PROBLEM TO SOLVE:
Omit the pictures and return exactly the stretch of the material below from the line with "AP-505 Stereo Power" through the line with "RV campground stock".

DATA SUPPLIED:
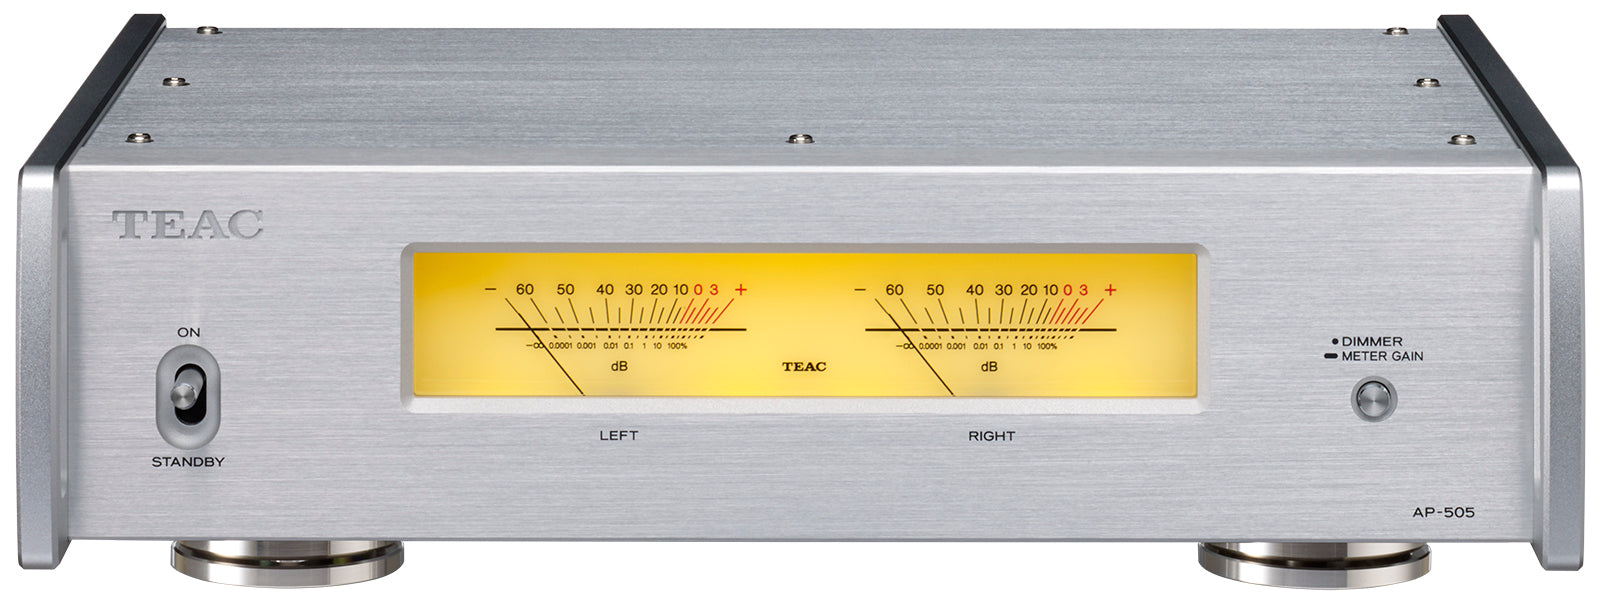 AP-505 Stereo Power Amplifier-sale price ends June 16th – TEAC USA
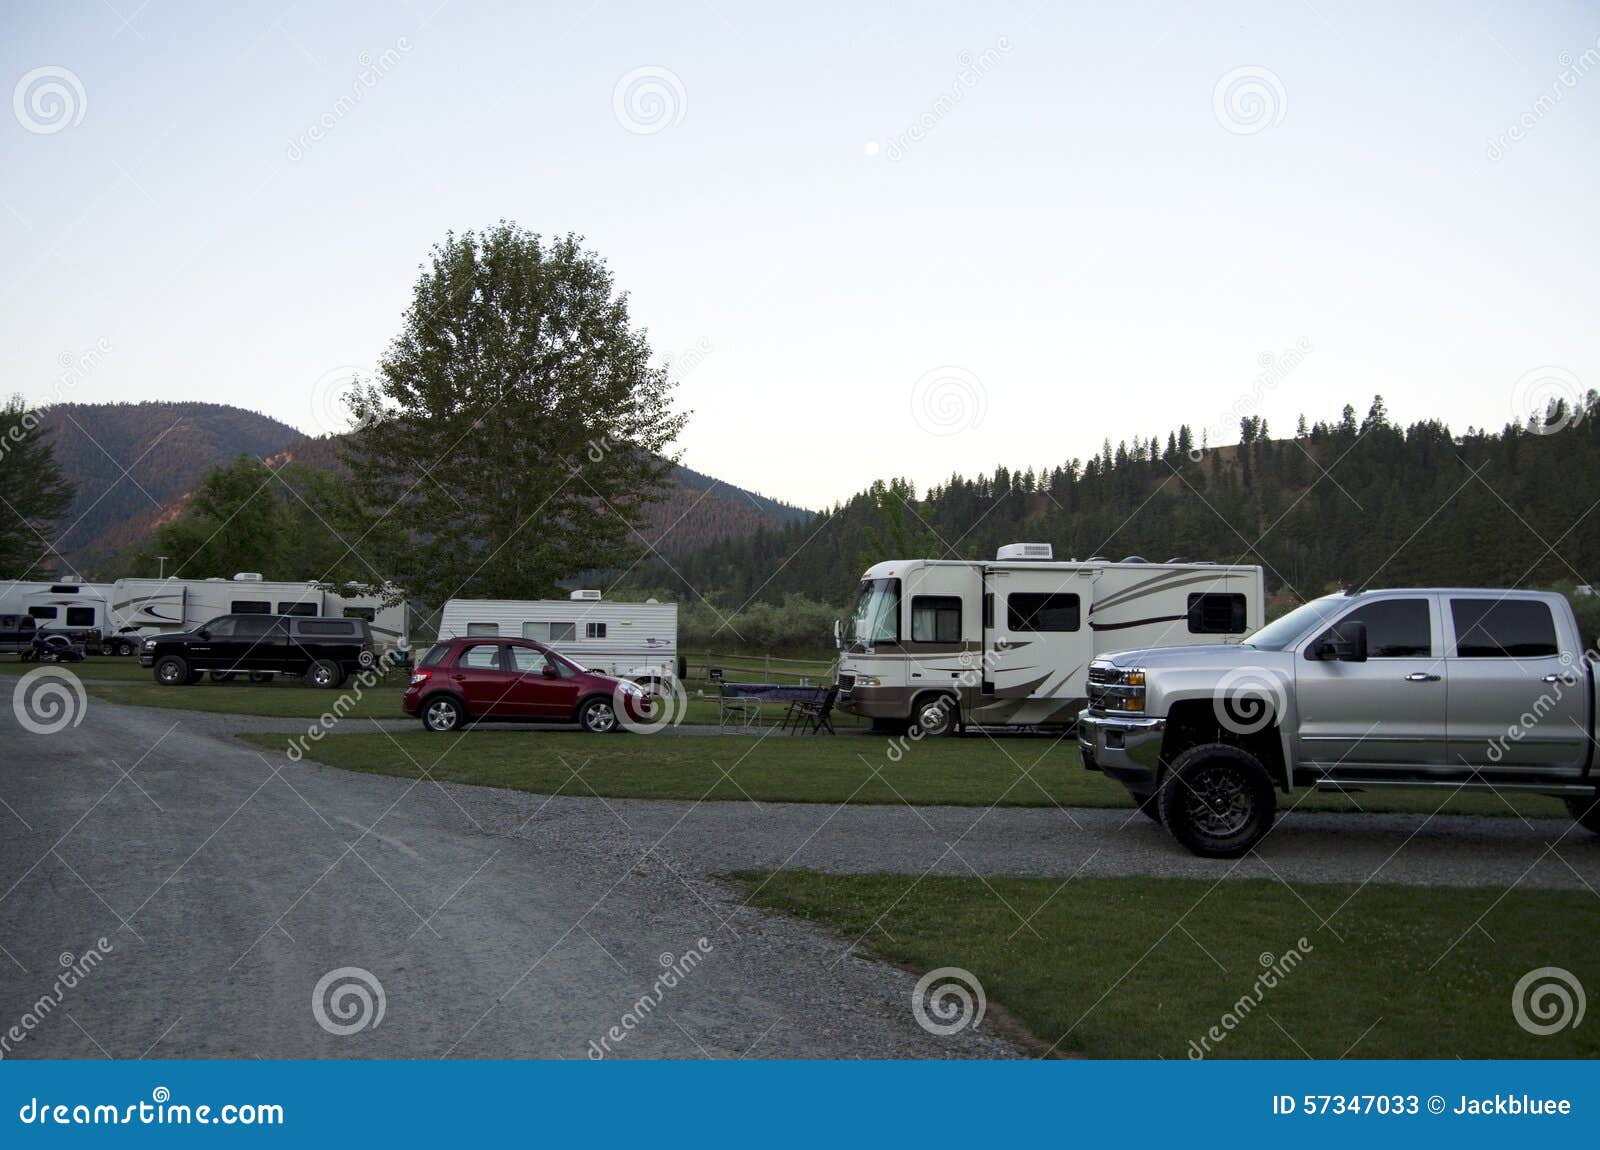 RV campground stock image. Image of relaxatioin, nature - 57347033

==

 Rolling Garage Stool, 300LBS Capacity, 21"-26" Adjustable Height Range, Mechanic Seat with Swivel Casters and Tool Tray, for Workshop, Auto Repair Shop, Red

ANSWER SPACE:
 AP-505 Stereo Power Amplifier-sale price ends June 16th – TEAC USA
 RV campground stock image. Image of relaxatioin, nature - 57347033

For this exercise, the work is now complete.